Pre-translating the entire document: A translation memory should always be used to match against previously translated material.
Mixed source reviews: Some systems provide the ability to show the translation memory output and the machine translation output beside each other.

Both these processes, while useful, can become very expensive if system processes are not updated and such translations occur automatically without authorization of the user. Software updates to manage these processes more effectively will be important.

As more companies try to leverage open source machine translation technologies, vendors such as NoBabel and Terminotix that provide tools that extract, format, clean and convert data into translation memories may see an increase in their business.

Impact on Language Service Providers (LSPs)

LSPs who use software from SDL, Kilgray, Across and other tools that integrated with the Google API should be prepared to update their software and learn new processes to ensure that they do not get billed inadvertently for machine translation that was sent to Google without consideration for costs. If the software is not updated, the Google Translate function will simply stop working on December 1, 2011 when Google terminates the Google Translate V1.0 API.

LSPs may still use the Google Translator Toolkit or copy and paste content into the Google Translate web page, but should be very aware of the relevant privacy and data security issues.

Overall, there should be little impact to LSPs, with the exception of those who were using Google Translate behind the scenes or offering machine translation to customers using Google as the back-end. While this was a breach of Google’s Terms of Service, I believe a a number of LSPs were doing this.

Due to insufficient and unclear warning or in some cases no warnings at all, it is understandable that some may not have been aware of or have not fully understood Google’s and other machine translation service providers’ Terms of Service. However, with the Google Translate V2 API, users of the service must expressly sign up and agree to the terms. It will no longer be possible reasonably to claim ignorance of the terms or of the associated risks for customer data when it is submitted to the API.

LSPs are focused on delivering quality services with the higher-end skills required for translating and localizing content for a target market and then ultimately publishing to a market. Without a doubt, machine translation has a significant role in the future of translation, in particular for accelerating production and giving LSPs access to new markets of mass translation. But high quality translation systems that meet the needs of LSPs and ultimately their customers will require customized translation engines that are focused on a much narrower domain of knowledge than Google’s engines and are ultimately combined with both a human post editing effort and a human feedback cycle that continually improves the engine by giving high-quality human driven input back to the engine. It is a built for purpose machine and human collaboration that will ultimately deliver to the end customer’s needs, not just machine translation alone.

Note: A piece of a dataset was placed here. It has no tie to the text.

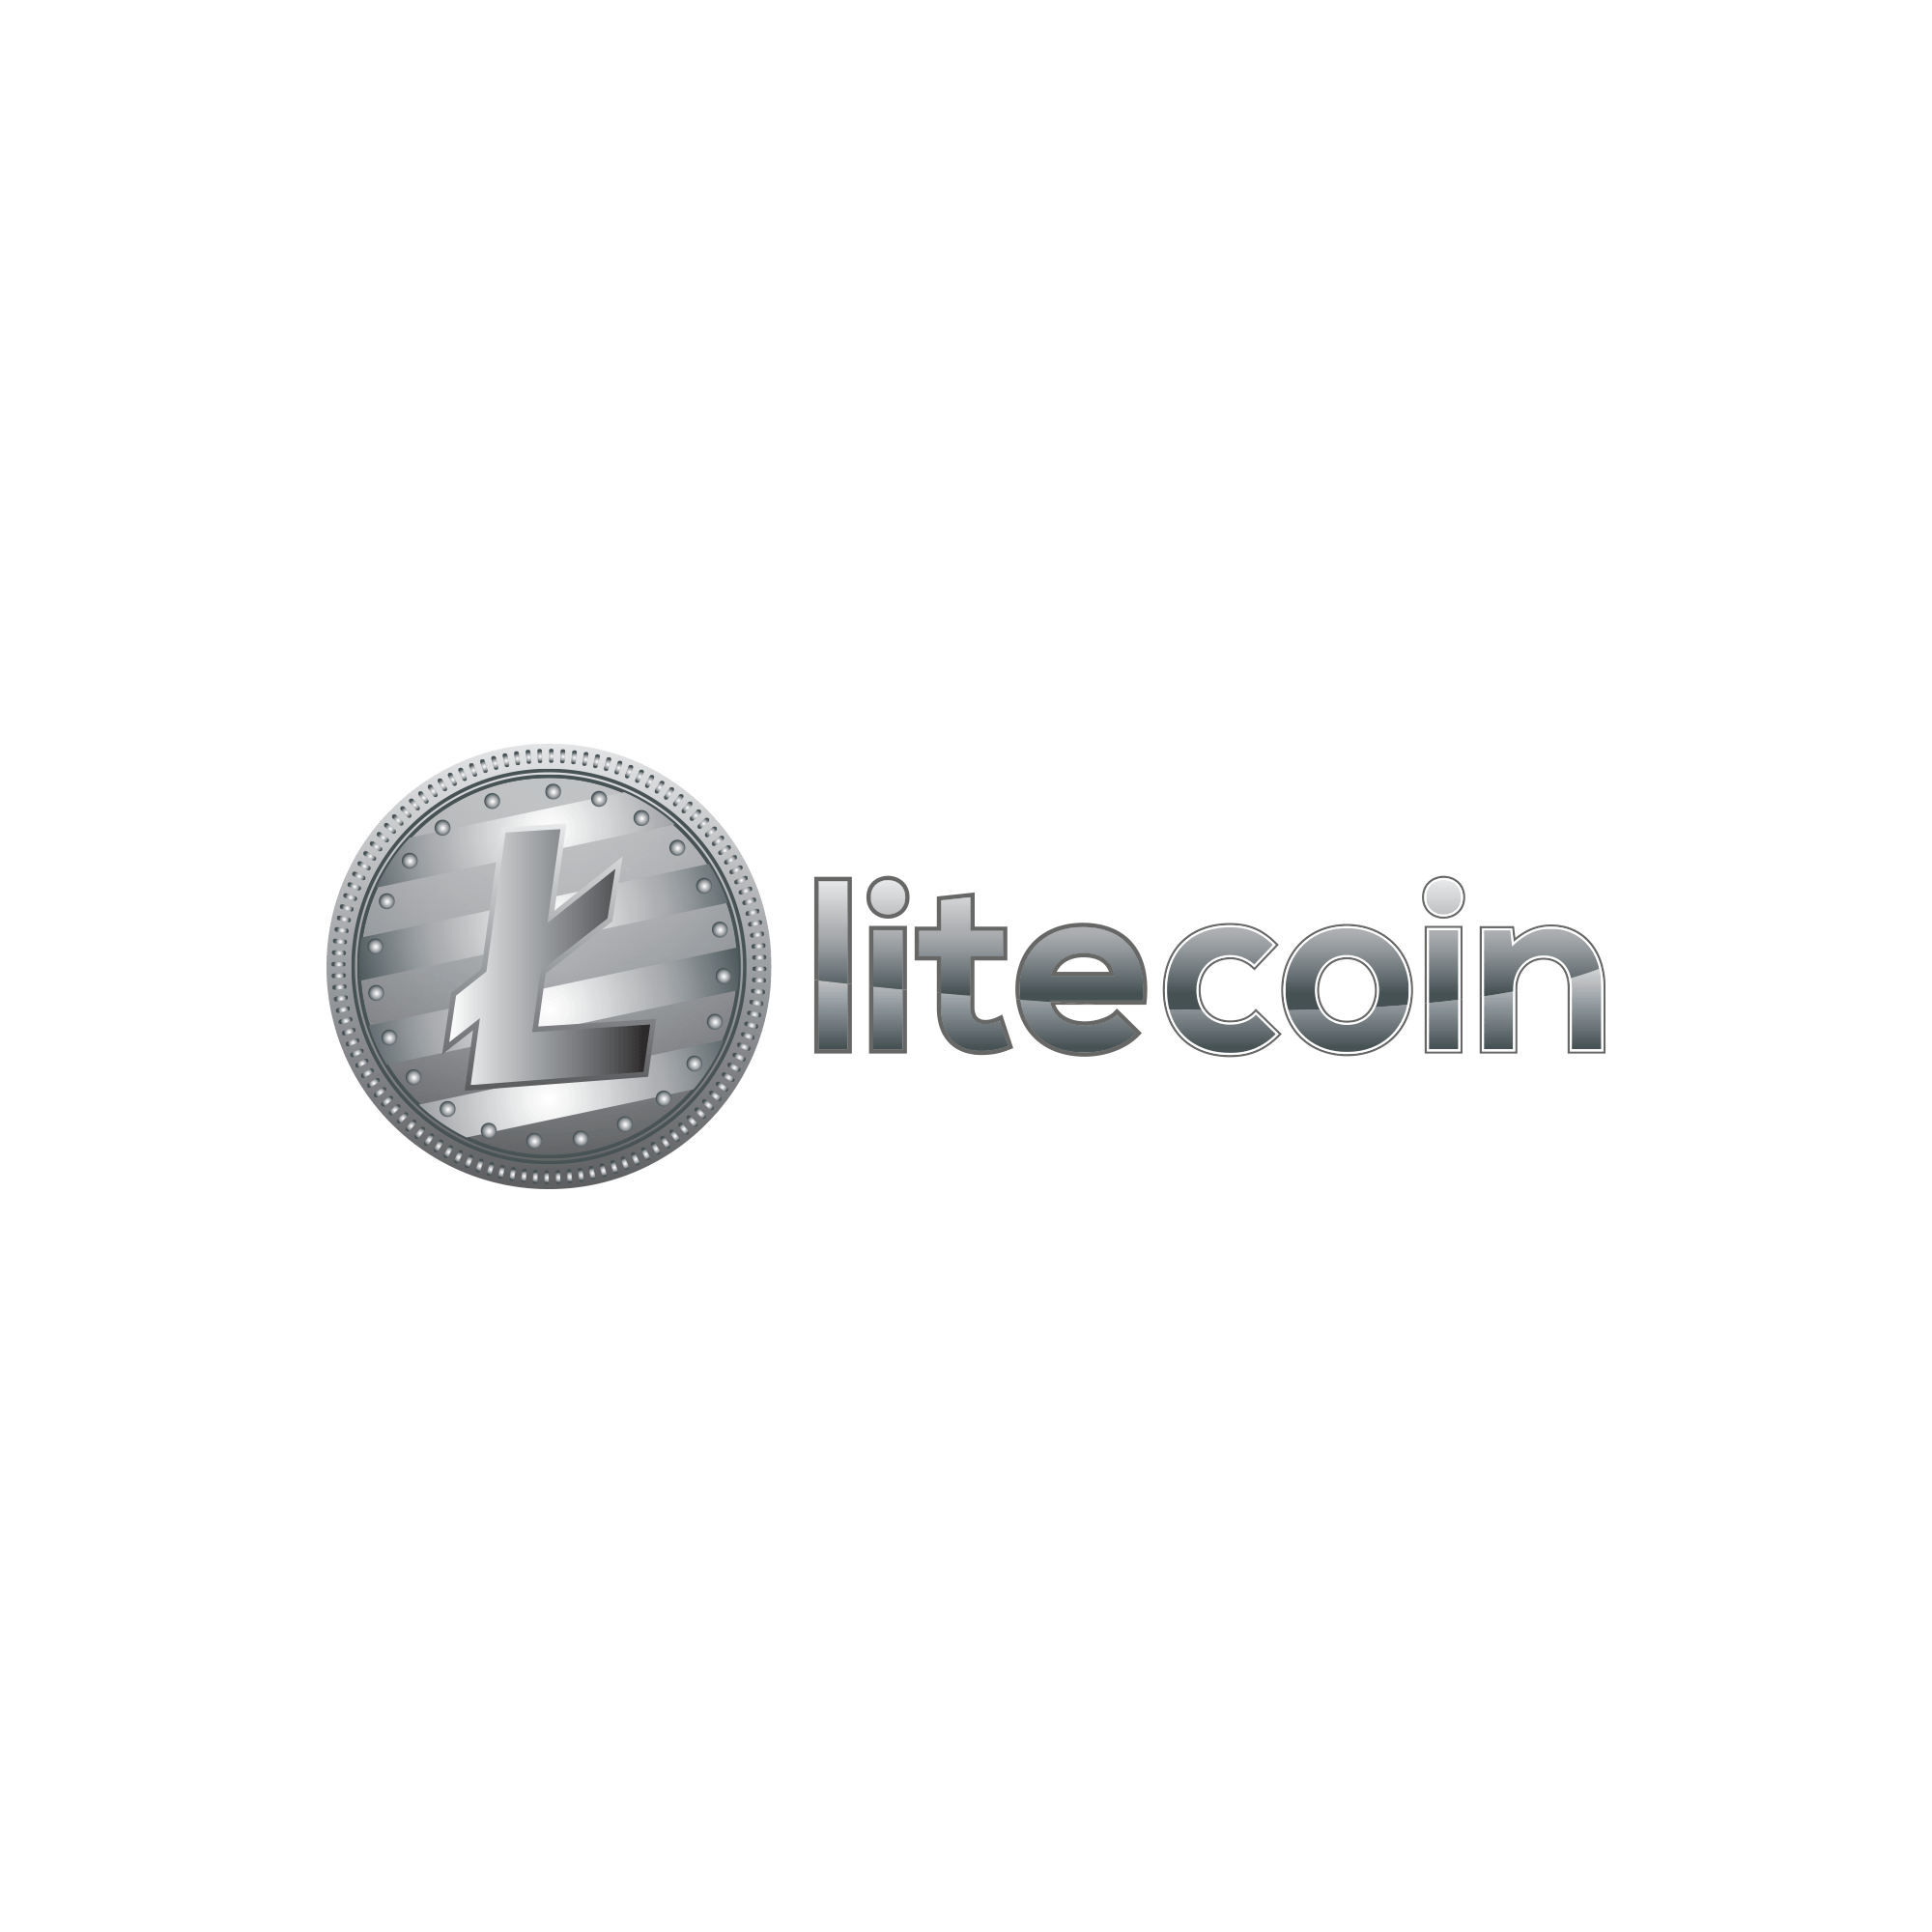 Litecoin Logo - Litecoin logo I had mocked up. Feel free to use it

Impact on Corpus Providers

Industry organizations such as TAUS may gain some traction from the short term increase in demand for data while companies experiment with open source machine translation. However, as research has clearly shown, data quality from a variety of sources can actually reduce machine translation quality.

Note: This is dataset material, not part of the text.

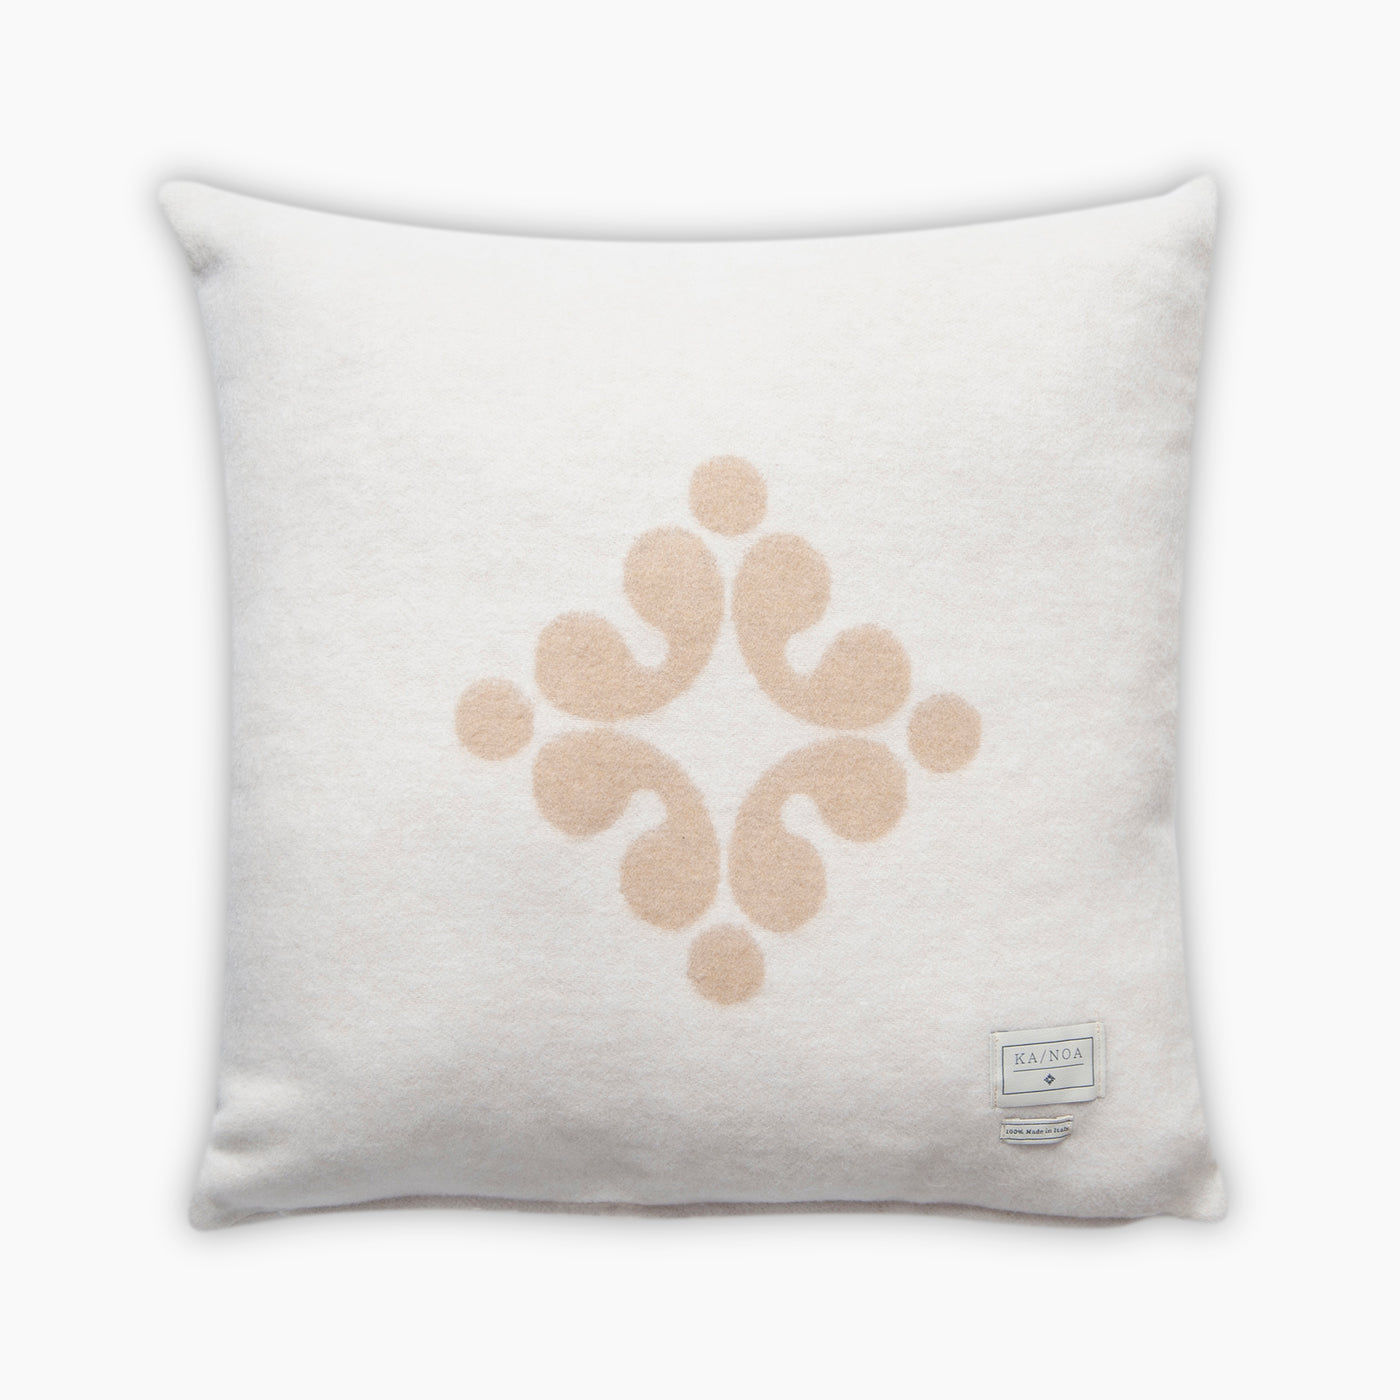 Solferino Wool Blend KA/NOA Logo Pillow

In 2008, Asia Online participated in a study with TAUS, during which Asia Online built 29 translation engines using its own data in various combinations combined with 3 TAUS members’ data. In the resulting report the impact of each data set can be seen clearly. But another factor was the cleanliness of the data. The study clearly showed that having more data can provide some Improvements in quality, but if the source data is not cleaned and processed correctly, the quality of the data can cause considerably lower translation output quality. It was also shown that smaller amounts of clean source data can produce better quality output results than using source data sets even two times larger. TAUS has recently worked to improve the quality of their data and the data continues to slowly improve. But in reality, the human effort required for such a task is considerable and not practical on a large scale without the right linguistic expertise and tools in each language.

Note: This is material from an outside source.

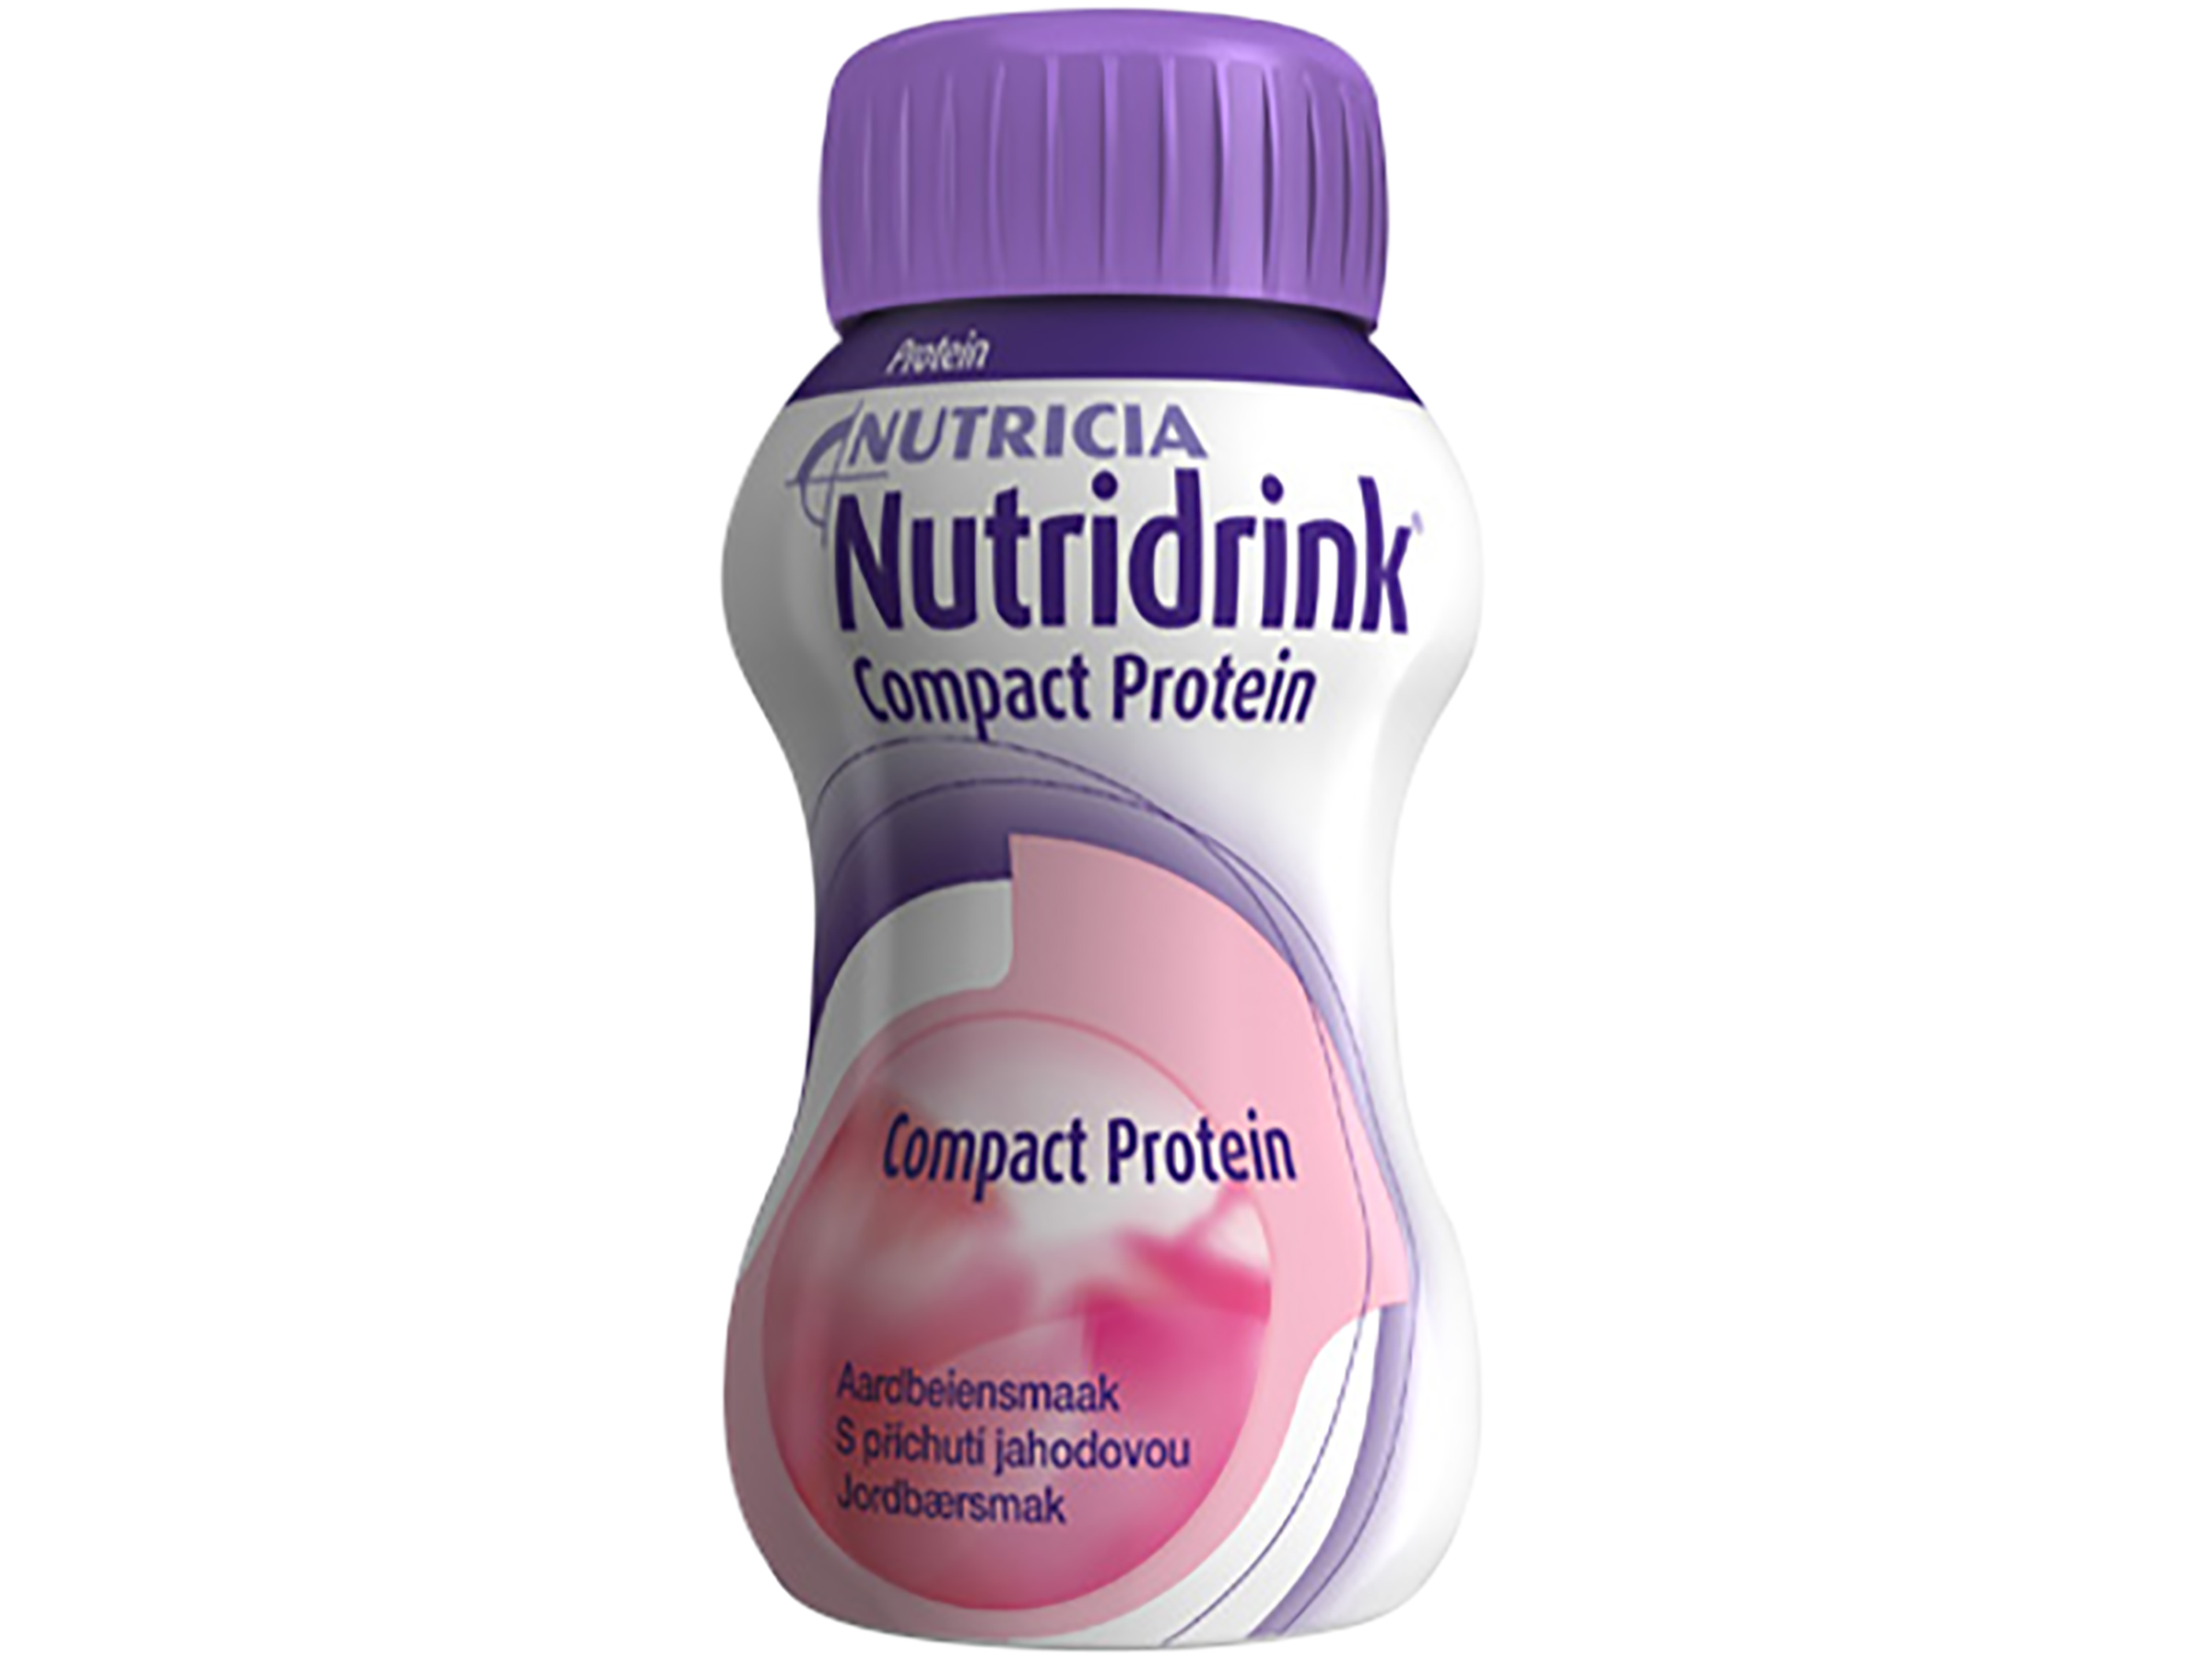 Nutridrink Compact proteinrik næringsdrikk, Jordbær, 4 x 125 ml

This analysis is continued in Part II

12 comments:

AnonymousJuly 1, 2011 at 11:54 AM
A pretty clear analysis there. On the matter of LSP's & end users doing their own thing I expect there will be more packages like Do Moses Yourself (DoMY) from Precision Translation Tools, which I recently downloaded and got up & running in a couple of hours. A good way to build customised engines.
Terence Lewis
ReplyDelete
Replies
Jean-Marie Le RayJuly 1, 2011 at 11:25 PM
Well, we've been waiting the follow-up for one month, but it's definitively worth the wait!
ReplyDelete
Replies
Dion WigginsJuly 3, 2011 at 9:22 PM
@Terence - It seems that you may have missed a key point that I made in the post: If creating a high quality customized translation system was as simple as just getting the installer working, this would be standard and everyone would do it. Those that I know creating "MT for dummies" type packages all create them in the hope of getting consulting work of the back to work on data and other parts of the customization process. Just having it installed and running is not a solution. The customization process to deliver high quality output, even when you have all the other technical and linguistic challenges resolved takes weeks, not a few hours. Preparing the data, normalizing terms, setting non-translatable terms, defining glossary, removing poor quality data and many more tasks are needed. Even the training process takes several days to run through the statistical analysis of the data.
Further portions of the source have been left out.